My proposals contain the concept of seat turnover. Transit is only economically efficient when a seat is turned over several times between the two ends (terminals) of a route. This is like table turnover in a restaurant or merchandise in a store. Can you envision someone from Buckhorn getting off in Pine Grove to visit Pine Cone Drug or Dollar General and their empty seat being taken by someone traveling to the Rancheria (on a new routing)? Then that vacated seat is filled by someone leaving the Rancheria for Jackson? This is three times the revenue for the same expenditure of time and money as in the present service. Another concept is two directional travel.

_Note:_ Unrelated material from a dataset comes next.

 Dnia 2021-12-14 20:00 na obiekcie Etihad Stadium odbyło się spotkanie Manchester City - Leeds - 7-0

The plans gave little data in this area, but I assume that there are many near empty backhaul (deadhead) type runs in our system. Therefore, I will explore other ridership markets. It seems apparent that neither of these two concepts are included in the plan’s elasticity of demand calculations.

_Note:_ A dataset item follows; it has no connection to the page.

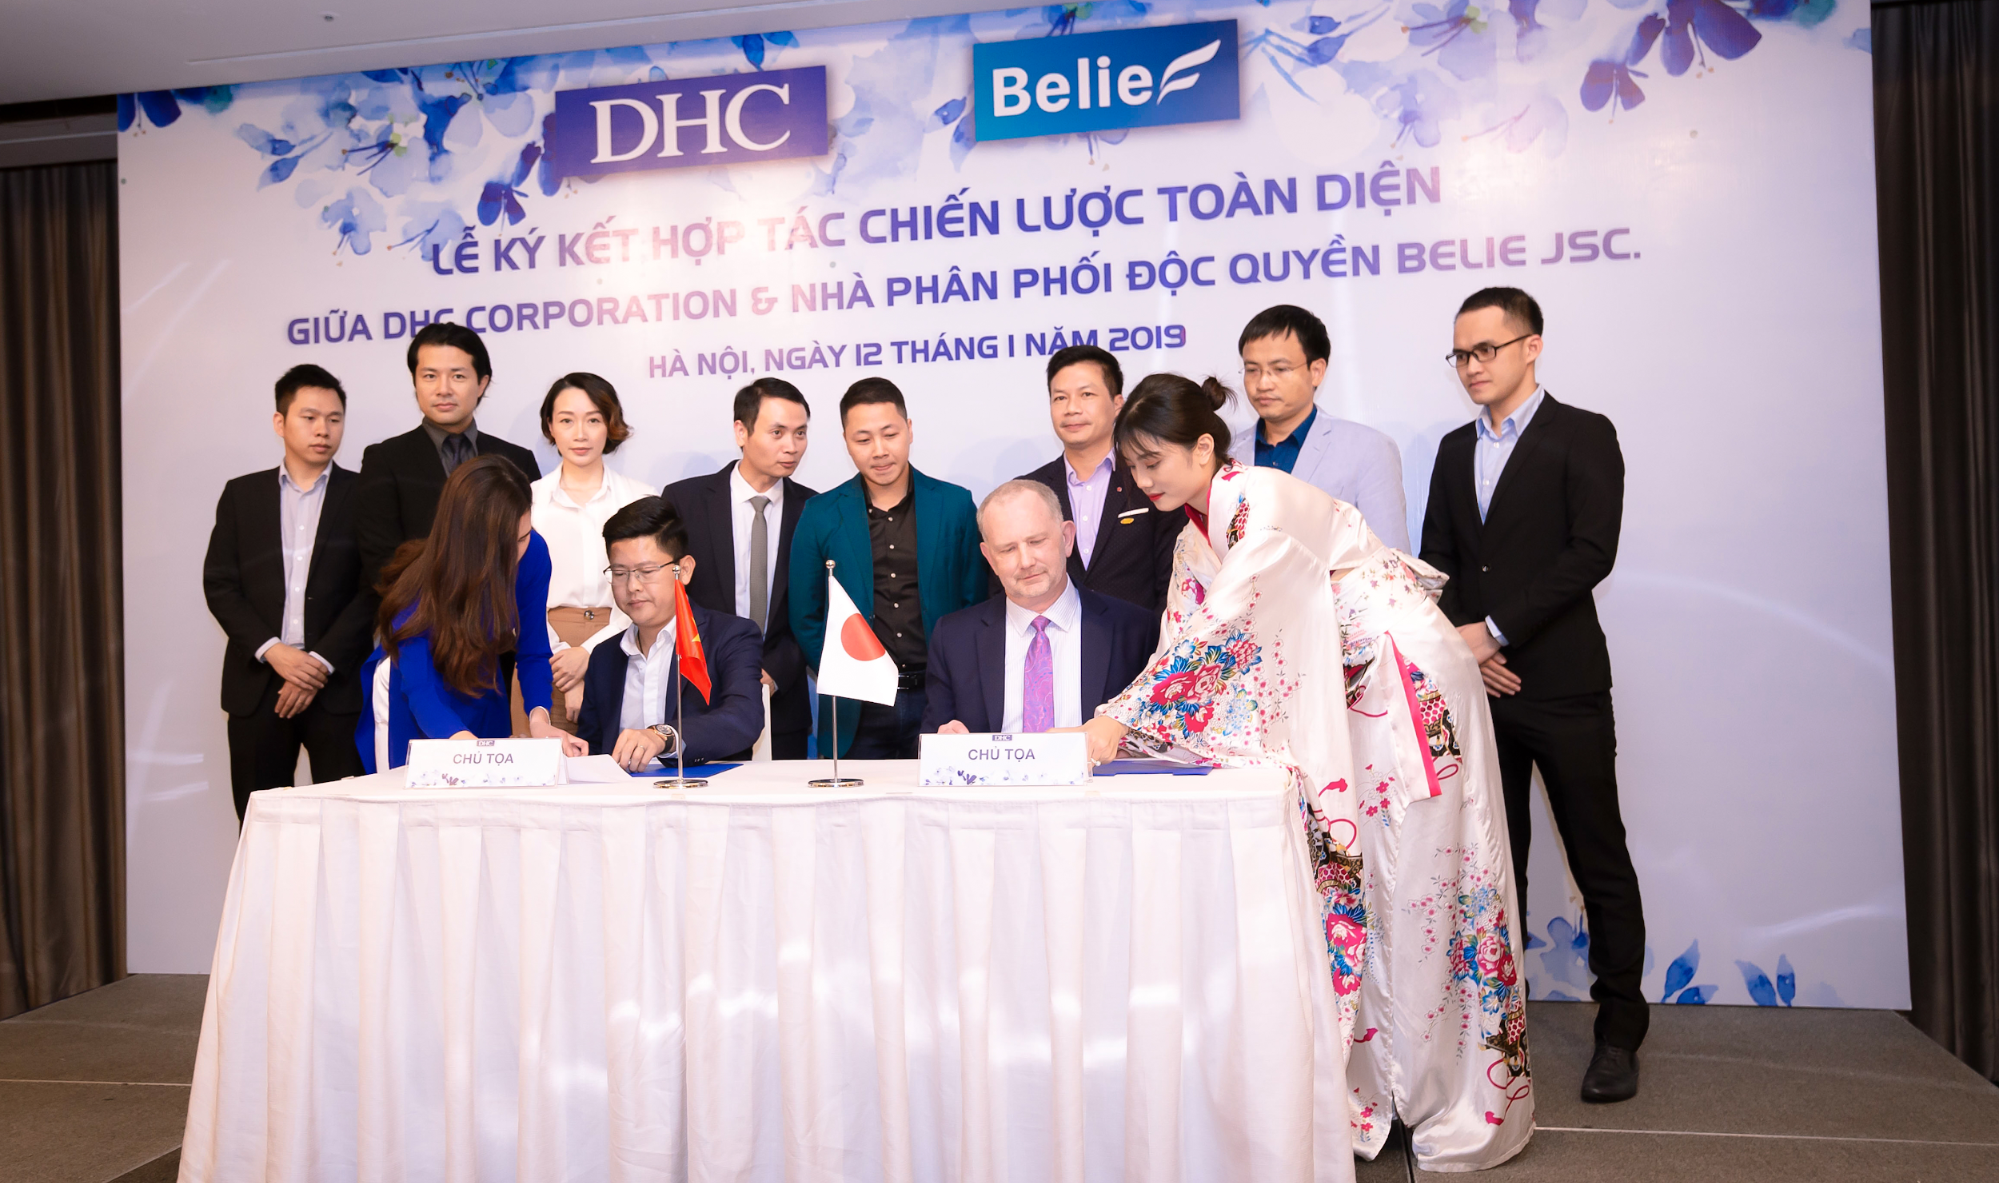 CTCP Belie ký kết chiến lực hợp tác toàn diện với DHC Corp

I believe both professionally and personally that the present leadership of Amador Transit is doing a truly outstanding job considering their funding and other constraints. My ideas are outside the realm of what they can do.

All quotations and other references from the texts will be cited by page number with the Human Services plan referred to as HS and the Transit Plan referred to as TP. Both of these plans are available to any interested member of the public.

Work was the reason for 30% of Amador Transit’s ridership (TP47). And despite the successful shuttle service in the Jackson/Sutter Creek county core 70% of all riders (TP47) said they don’t transfer between bus routes. While part of this is due to the no free transfers/separate fare per ride policy, much of it is due to the skeletal nature of the system that precludes certain transfer possibilities. An on board survey commentator wrote (TP Appendix A): “Can’t get early bus to Sacramento and can’t get back to Pine Grove on same day.” Not coincidentally, both these routes are considered for priority improvement.

Amador Transit riders are loyal since 75% said that they have ridden for over a year (TP48). While this clearly speaks to the quality of the existing service, it is also a warning against making any changes that would discourage existing riders. Occasional riders (TP48) include those 4.5% of riders who ride 1-4 days per month and the 3% of riders who ride less than one day per month. This 7.5 % total of occasional riders is not a bad number considering about 10% or slightly more would be considered normal in a large city system. Occasional riders are often those picking up their car from repair or going to meet someone and returning home in the other person’s car. However, in Amador County the occasional riders are probably mostly seniors running non daily errands or going to medical appointments. But this discussion is important because this latent occasional rider market is there, but needs more frequent and convenient service to ride. Of the general public surveyed 93% stated that Amador County should provide public transit (TP58).


Upcountry

The Upcountry area of Buckhorn, Pioneer and Pine Grove is served by Bus Route 2 which provides three daily round trips: am, pm and mid day. Volcano is not served. “...many Upcountry residents find the current bus schedule to be a barrier to using public transit” (HS29). “The current schedule requires Upcountry residents to spend a total of five hours of travel time in order to complete a round trip to Jackson” (TP92). The 25 or so daily riders (TP31) travel a route that covers 24 one way miles (TP84) at a cost of $28.61 per trip (TP30). This compares with a system wide average of $18.49 (TP30) and a low of $10.31 for the Route 3 service to Plymouth (TP30). 

This wide discrepancy of subsidy is grossly unfair and subsidizes Upcountry at the expense of others.  Due to this situation a fare increase is proposed for the UpCounty service (TP86, TP93). Needless to say, many Upcountry residents oppose this and objection has been voiced several times at Upcountry Council meetings. The plan makes clear that while fare box revenue will rise, ridership will decline (TP86). So this option contains an element of self defeat. Decreased ridership cannot demand increased service. But the two plans clearly document the need for more service now and in the future.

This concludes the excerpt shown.